What the exercise asks: Your task is to copy the lines from the line containing "beard - Scott" through the end of the listing below, both included, without any pictures.

Provided material:
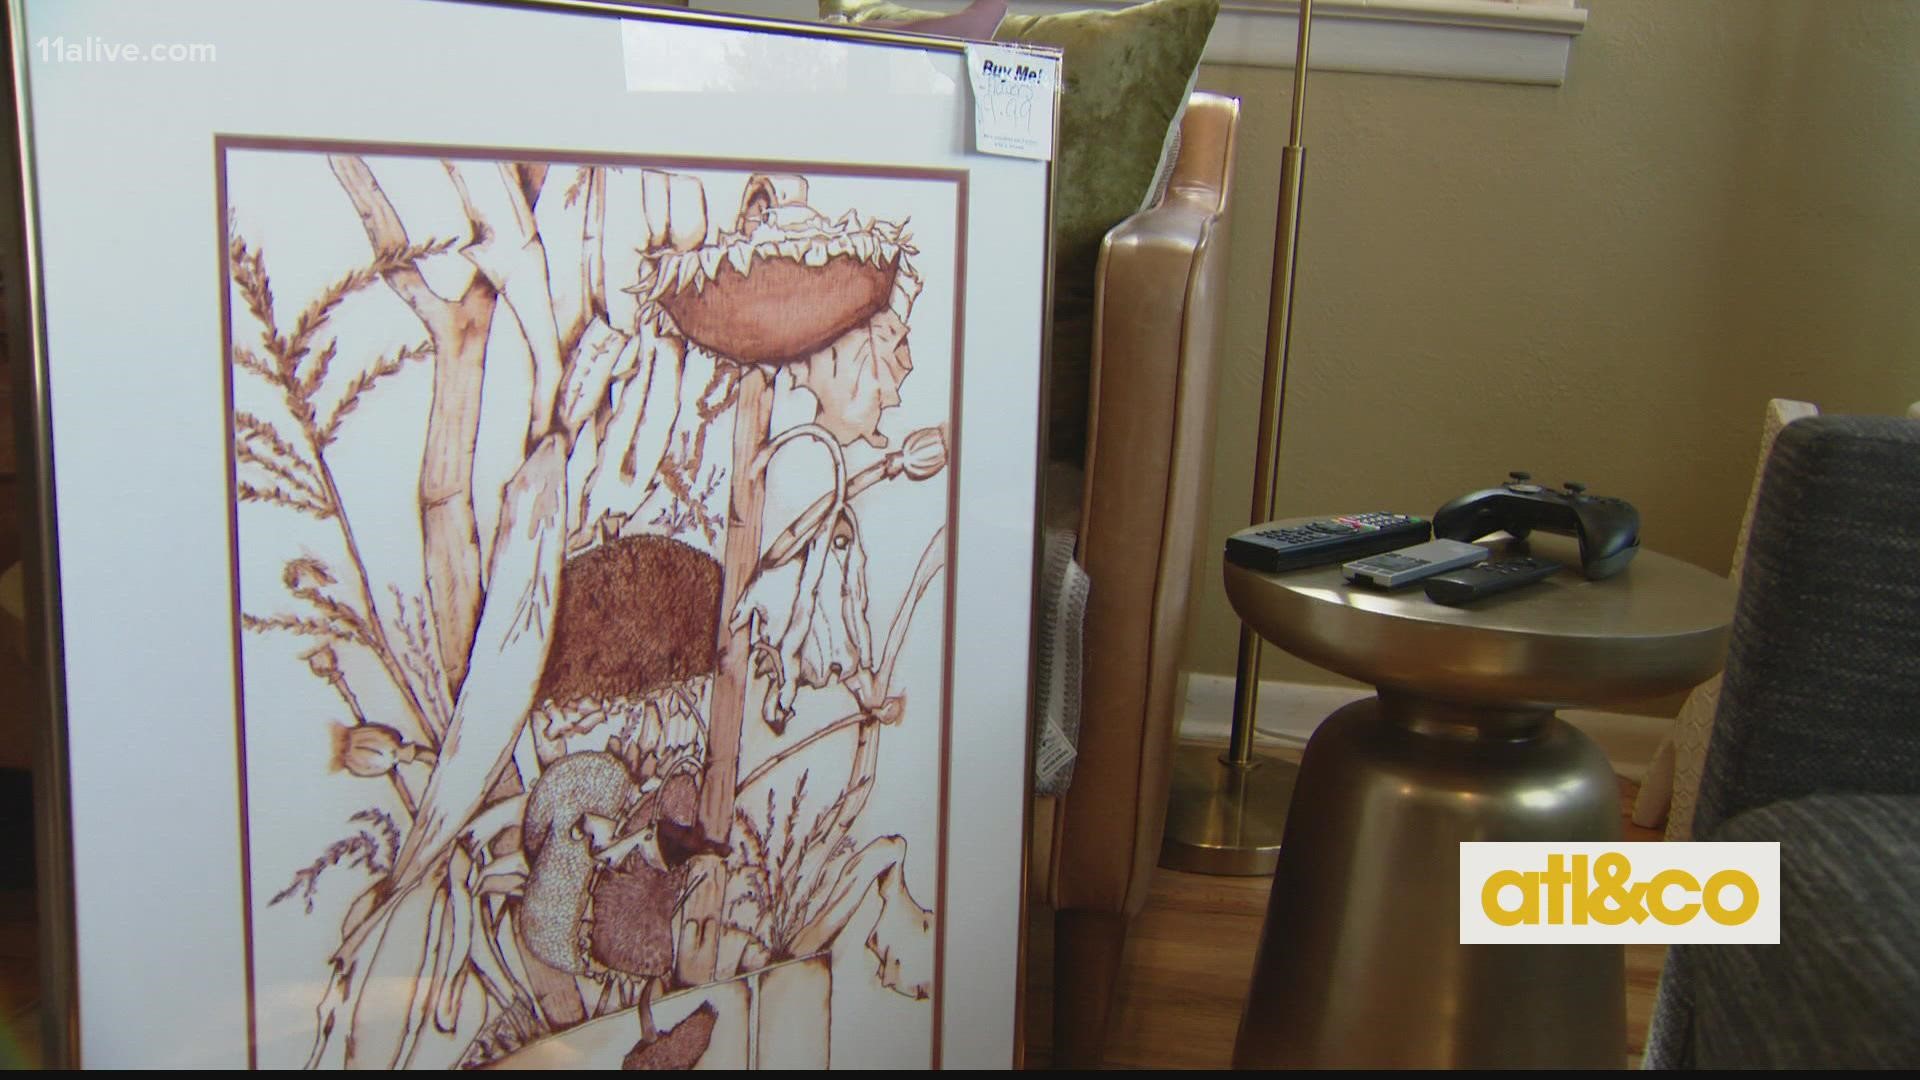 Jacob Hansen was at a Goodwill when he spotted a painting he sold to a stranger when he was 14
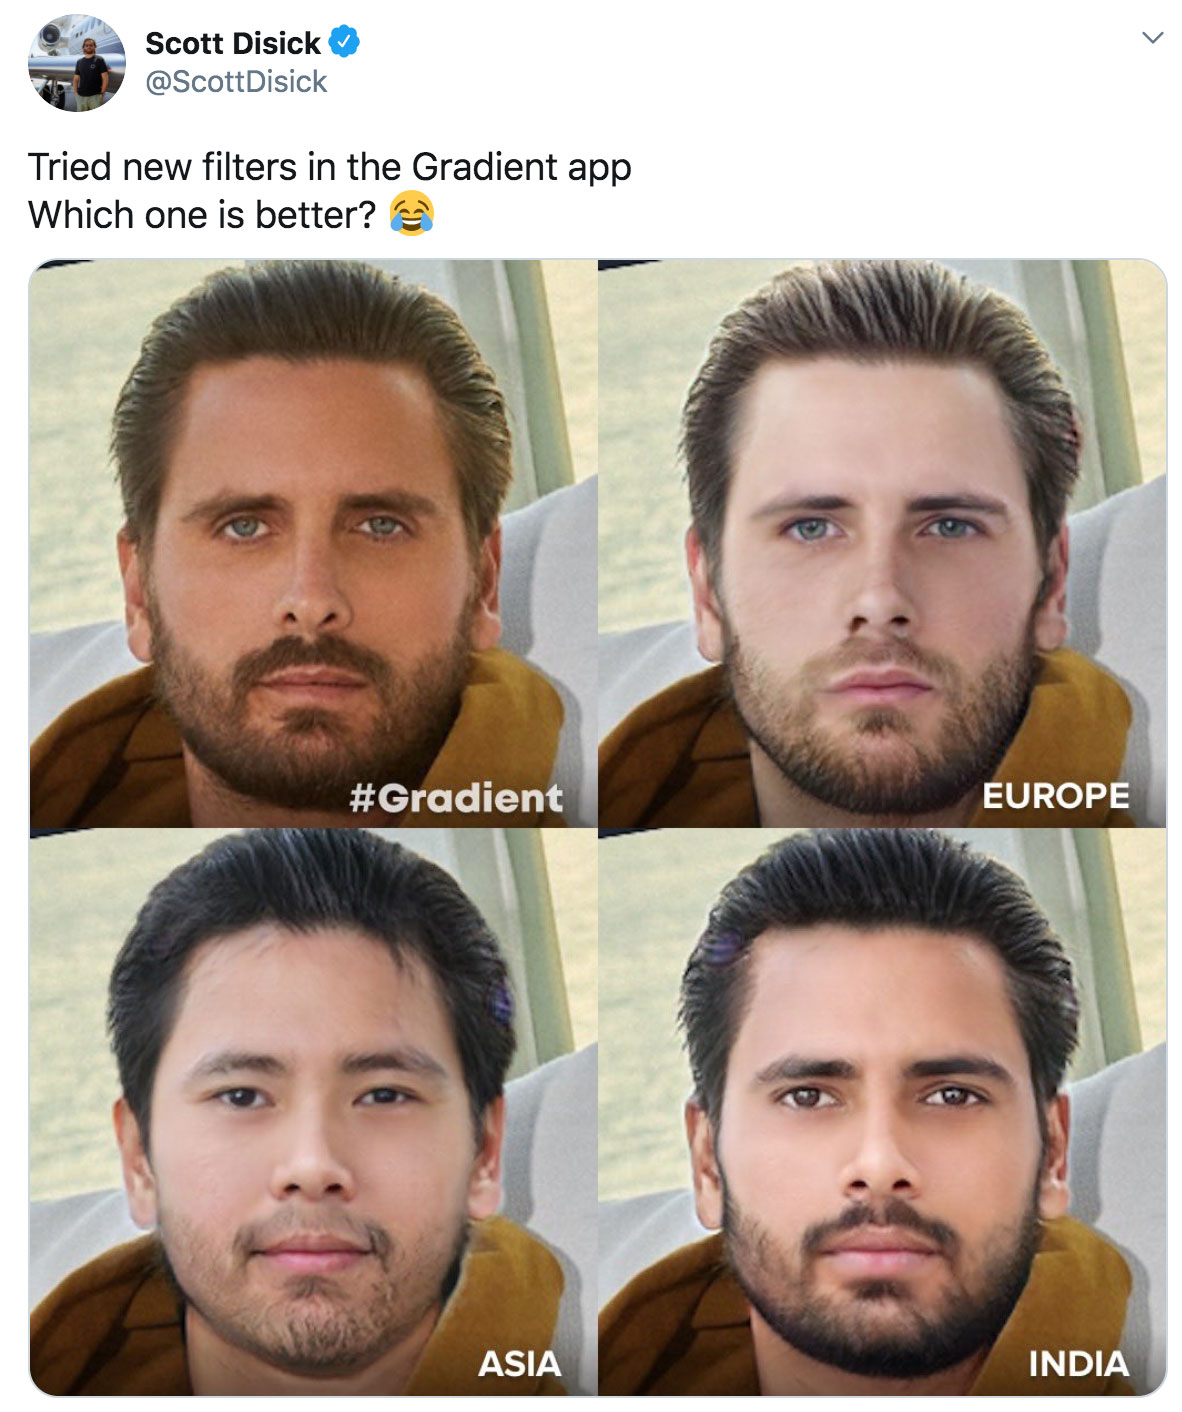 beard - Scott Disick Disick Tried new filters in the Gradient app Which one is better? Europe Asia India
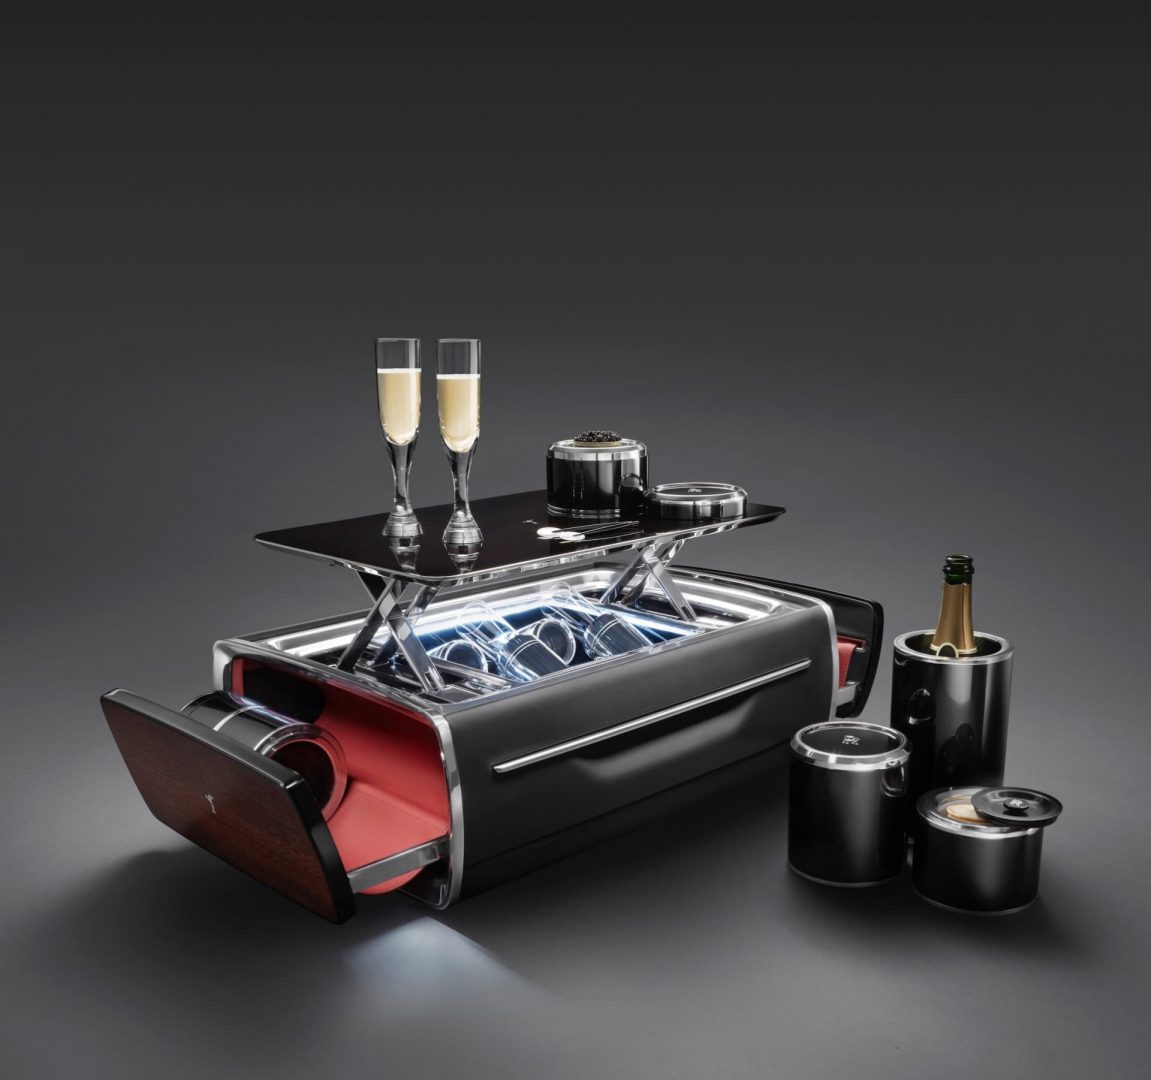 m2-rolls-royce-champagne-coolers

Your solution:
 beard - Scott Disick Disick Tried new filters in the Gradient app Which one is better? Europe Asia India
 m2-rolls-royce-champagne-coolers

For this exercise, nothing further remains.